Vers le milieu du film, notre petite assemblée se rend à l’opéra et assiste à une pièce qui se présente au spectateur comme l’envers de leur situation : un drame orientaliste riche en figuration, en étoffes, en décors, en accessoires et, de surcroît, une tragédie de la fidélité. Il se produit alors une pliure d’autant plus franche que la caméra de Stiller pénètre jusque dans la pièce et l’investit. Sur cette scène, tout est annoncé franchement : l’espace saturé renvoie à une expression directe des passions ; rien ne flotte dans l’air puisque justement, tout y prend corps. Lorsqu’on revient, par la suite, aux surfaces béantes de la réalité, on se dit que Stiller travaille à y laisser une place vacante : celle de l’inconscient – à défaut d’un meilleur terme – qui mène ses personnages par le bout du nez.

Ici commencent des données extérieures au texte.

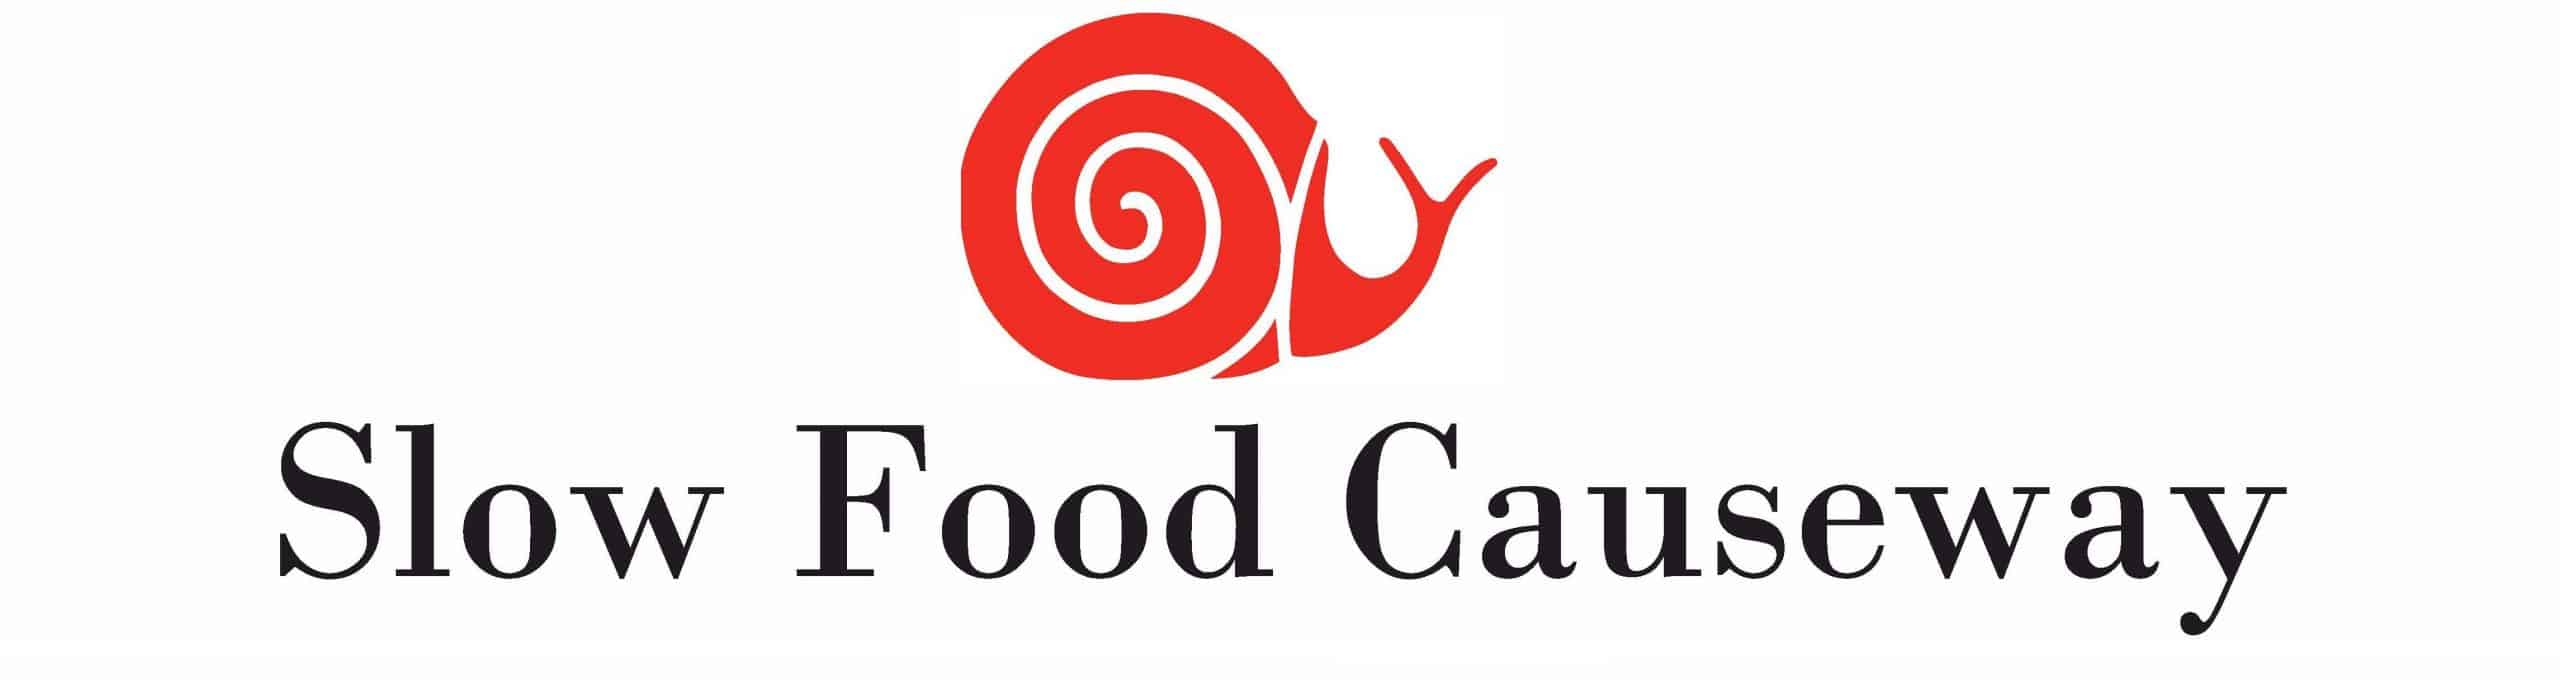 slow food causeway logo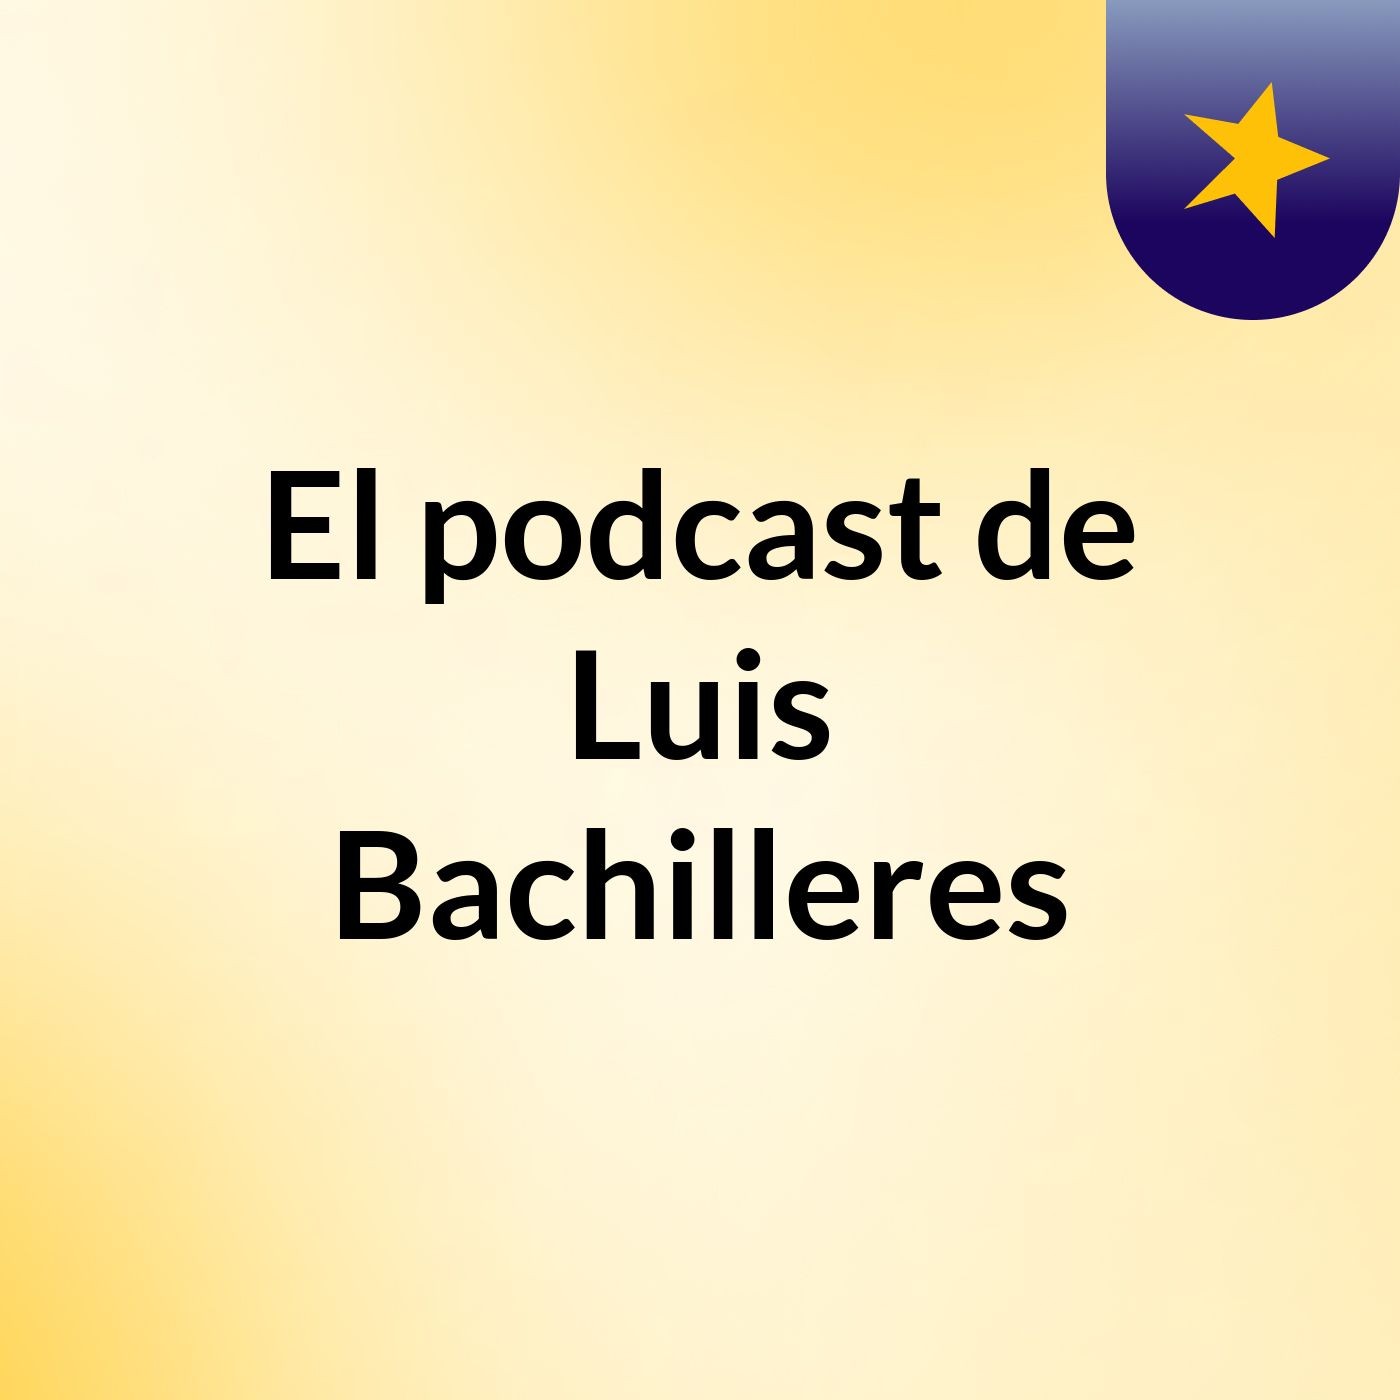 El podcast de Luis Bachilleres

Cet air témoigne du profond refoulement pratiqué par les personnages, de leur profonde inaptitude à l’expression. Puisque cette place est libre, c’est que, finalement, personne ne l’habite. Il n’y a qu’à voir ce désopilant passage où le sculpteur Perben Wells, pour exprimer ses sentiments (sa haine envers le Baron Félix, son honneur blessé par la légèreté d’Irène), se trouve contraint de les insuffler insidieusement au professeur Charpentier, afin que lui les assume à sa place. Il est forcé de les médiatiser par celui-là même qui ne doit absolument pas en avoir connaissance. Ces grandes surfaces, cet espace non rempli, laissent à Stiller une aisance de mouvement, une place nécessaire au grand raffinement psychologique et à la grande complexité des situations décrites. Sans cela, elles perdraient une grande part de leur élasticité. Ce n’est pas la moindre des raisons pour lesquelles Stiller nous demeure si précisément moderne.